Dec 7, 2010

Theatre on Screen


I think it's great news that the Broadway phenom Fela! (which I enjoyed) is getting a London production, and good news that it will be broadcast to American movie theaters as part of NT Live, a successful new program that bowed earlier this year with Helen Mirren in Phedre and has continued apace. But given that Fela! is the first Broadway export to get this kind of platform, and given that the Metropolitan Opera has a similar program, I have to wonder: Why doesn't this happen more often with theater? PBS used to broadcast the occasional Lincoln Center show--I still remember trying to watch the Helen Hunt/Paul Rudd/Nick Hytner Twelfth Night back in the late '90s through a fog of bad-reception TV static--and there was that odd MTV airing of Legally Blonde a few years back. But why haven't the likes of Shakespeare in the Park, Lincoln Center, MTC, or Roundabout--or while we're dreaming, the Guthrie, Oregon Shakes, Stratford Ontario, Berkeley Rep, the Taper--struck a similar deal? I'm sure it's no small undertaking, and I'm sure the National Theatre's state support doesn't hurt. And I have to imagine that it might raise hackles with Actors Equity, and engender the usual fears of jurisdictional conflicts with its sister screen actors' unions.

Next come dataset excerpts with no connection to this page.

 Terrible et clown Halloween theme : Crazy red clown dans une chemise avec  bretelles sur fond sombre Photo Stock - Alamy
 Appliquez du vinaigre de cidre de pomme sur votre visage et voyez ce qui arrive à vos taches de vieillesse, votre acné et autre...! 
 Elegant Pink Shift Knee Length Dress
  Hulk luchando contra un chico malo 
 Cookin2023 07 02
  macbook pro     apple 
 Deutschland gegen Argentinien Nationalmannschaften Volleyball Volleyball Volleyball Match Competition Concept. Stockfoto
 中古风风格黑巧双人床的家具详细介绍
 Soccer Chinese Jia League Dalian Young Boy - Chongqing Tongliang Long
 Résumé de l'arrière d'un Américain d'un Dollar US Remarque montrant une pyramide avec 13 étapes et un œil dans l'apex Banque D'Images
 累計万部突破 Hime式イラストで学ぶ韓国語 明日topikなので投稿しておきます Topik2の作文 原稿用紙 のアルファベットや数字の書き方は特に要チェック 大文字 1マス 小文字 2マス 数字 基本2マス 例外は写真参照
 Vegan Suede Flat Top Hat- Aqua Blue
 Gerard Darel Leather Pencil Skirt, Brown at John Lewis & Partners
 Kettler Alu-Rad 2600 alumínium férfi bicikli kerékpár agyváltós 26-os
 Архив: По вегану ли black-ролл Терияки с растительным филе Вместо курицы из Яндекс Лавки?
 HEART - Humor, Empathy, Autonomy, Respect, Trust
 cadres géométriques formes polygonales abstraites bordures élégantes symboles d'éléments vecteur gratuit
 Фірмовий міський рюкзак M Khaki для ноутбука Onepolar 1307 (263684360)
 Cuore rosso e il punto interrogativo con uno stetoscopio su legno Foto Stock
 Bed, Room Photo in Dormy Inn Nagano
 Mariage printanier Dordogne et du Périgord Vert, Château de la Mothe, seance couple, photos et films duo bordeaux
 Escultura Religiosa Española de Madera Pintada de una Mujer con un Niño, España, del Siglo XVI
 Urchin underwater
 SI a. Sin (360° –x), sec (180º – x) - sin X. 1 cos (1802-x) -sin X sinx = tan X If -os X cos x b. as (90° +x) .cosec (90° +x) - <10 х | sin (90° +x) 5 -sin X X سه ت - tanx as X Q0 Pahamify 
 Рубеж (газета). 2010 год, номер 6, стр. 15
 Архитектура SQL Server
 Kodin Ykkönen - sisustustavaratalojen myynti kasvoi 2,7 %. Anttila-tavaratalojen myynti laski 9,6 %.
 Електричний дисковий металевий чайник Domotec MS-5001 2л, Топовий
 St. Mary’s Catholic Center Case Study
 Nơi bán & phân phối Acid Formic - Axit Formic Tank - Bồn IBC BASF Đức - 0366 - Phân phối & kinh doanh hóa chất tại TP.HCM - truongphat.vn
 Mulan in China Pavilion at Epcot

It reminded me of this piece in the current American Theatre about Seattle's On the Boards, which delivers plays and dance or performance pieces online on an Amazon rent-or-buy, with good terms for the artists. Their roster so far includes Radiohole's Whatever, Heaven Allows and Young Jean Lee's The Shipment, both apparently considered non-union productions for the purposes of broadcast (I'd imagine they were both produced under Equity's Showcase Code). An Equity rep is quoted in the piece as saying that without an "industry standard compensation" for such filmed ventures, Equity can't get behind them.

The economics would probably have to shift so strongly in favor of broadcast or filmed performances as a supplementary income stream for theaters (and, presumably, Equity members) for Equity to give some ground, but it would nice to think that American producers and unions could get out in front of this. Especially now that the Brits are showing us up.